Files
hpr-knowledge-base/hpr_transcripts/hpr4227.txt

171 lines
21 KiB
Plaintext
Raw Normal View History

Episode: 4227
Title: HPR4227: Introduction to jq - part 3
Source: https://hub.hackerpublicradio.org/ccdn.php?filename=/eps/hpr4227/hpr4227.mp3
Transcribed: 2025-10-25 21:44:10
---
This is Hacker Public Radio Episode 4,227 for Tuesday the 15th of October 2024.
Today's show is entitled Introduction to J.Q. Part 3.
It is hosted by Dave Morris and is about 26 minutes long.
It carries an explicit flag.
The summary is, More Filters.
Hello, this is Dave Morris and this is Hacker Public Radio you're listening to.
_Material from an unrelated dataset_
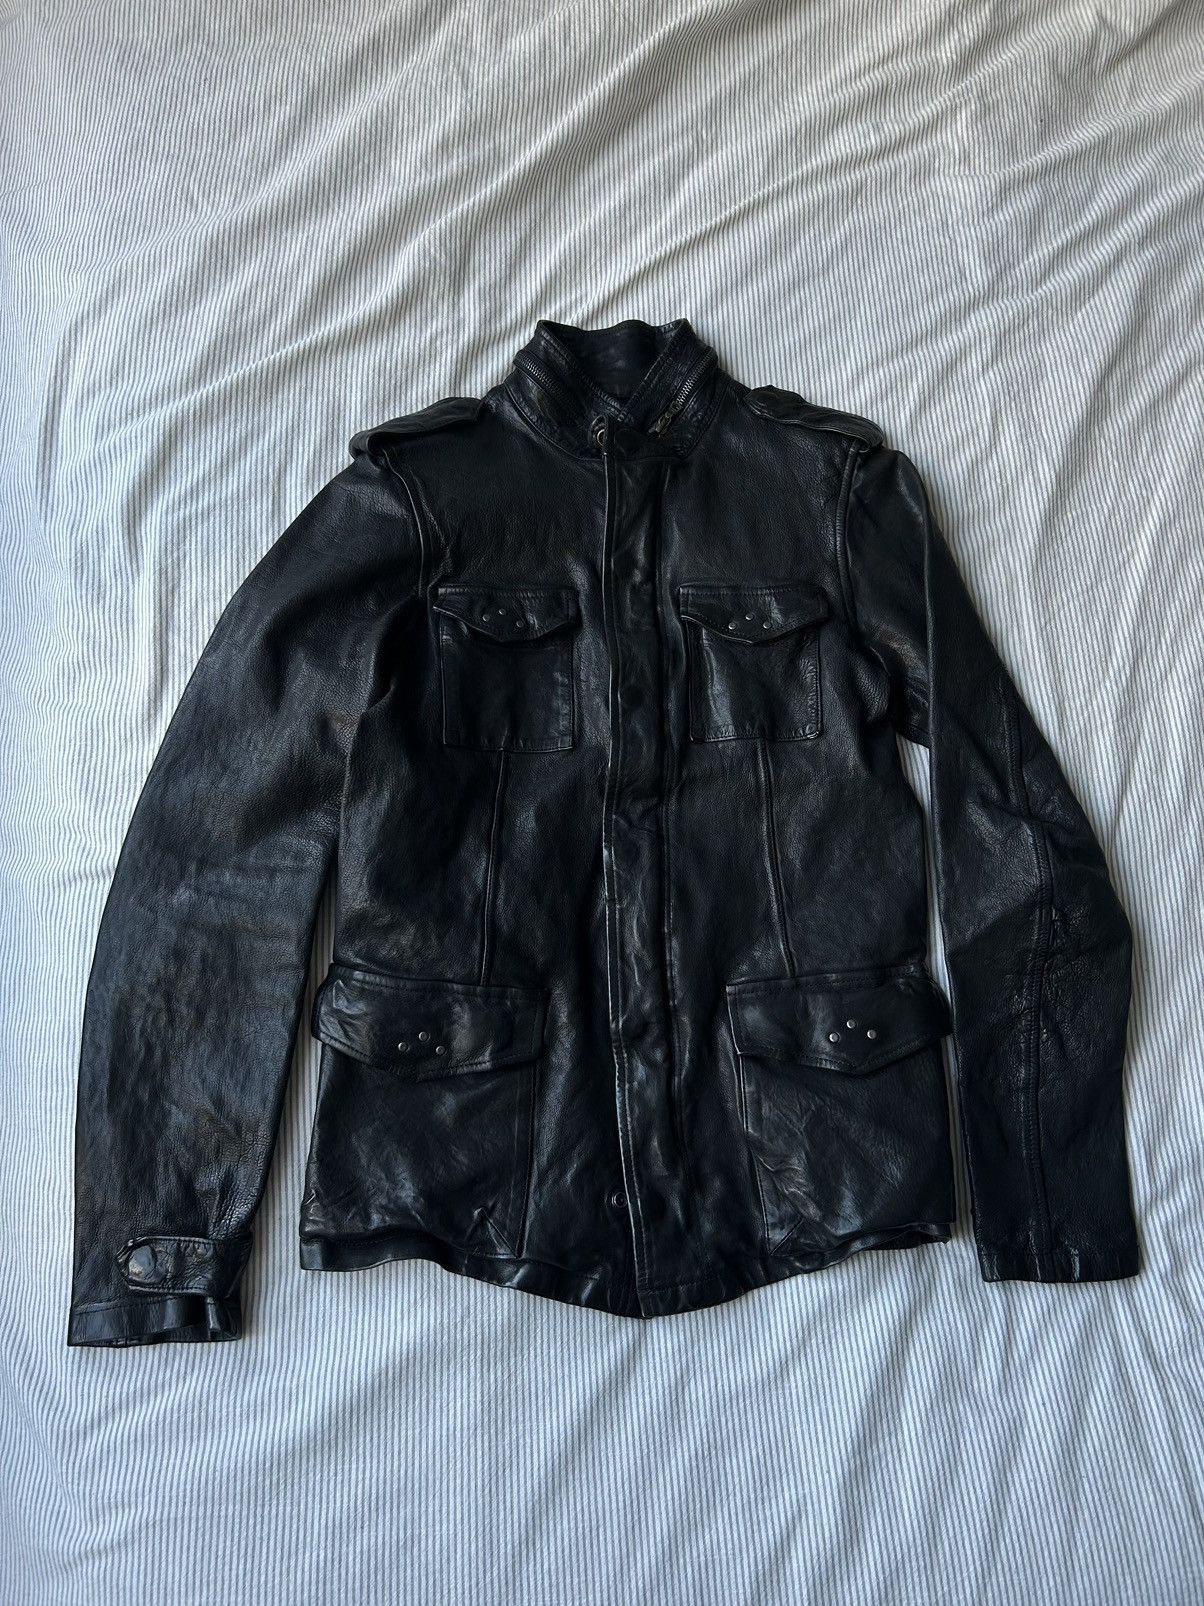 Isamu Katayama Backlash (1) Backlash Black M65 Leather Jacket

Today I'm doing another show on the J.Q. tool for reading and manipulating Jason.
This is part 3.
I'm going to look at filters.
The idea is that J.Q. can read Jason and apply filters to it and we're going to look at some basic stuff just now.
It will return the Jason that it's read in a different form.
So basically we're reading and parsing and then constructing a different form.
So maybe just extracting a little bit out of it or turning into some other format.
It can be Jason, most often he's, but it can be others as well.
We'll deal with that aspect of things later on, not today, but in a later show.
The next show, the number 4 in this series, we're actually going to be looking at how you can construct Jason structures.
We won't be doing much of that in this particular episode, but we'll be looking at some of the things that let you pick bits out of Jason.
So the title I've got to this section is more basic filters.
Now there's quite a lot of written detail in the notes.
I mean not inclined to read them all out because they're really quite complicated lists of things with commas and square brackets and things.
I'm going to just refer to them in a generic way and leave you to read the notes yourself.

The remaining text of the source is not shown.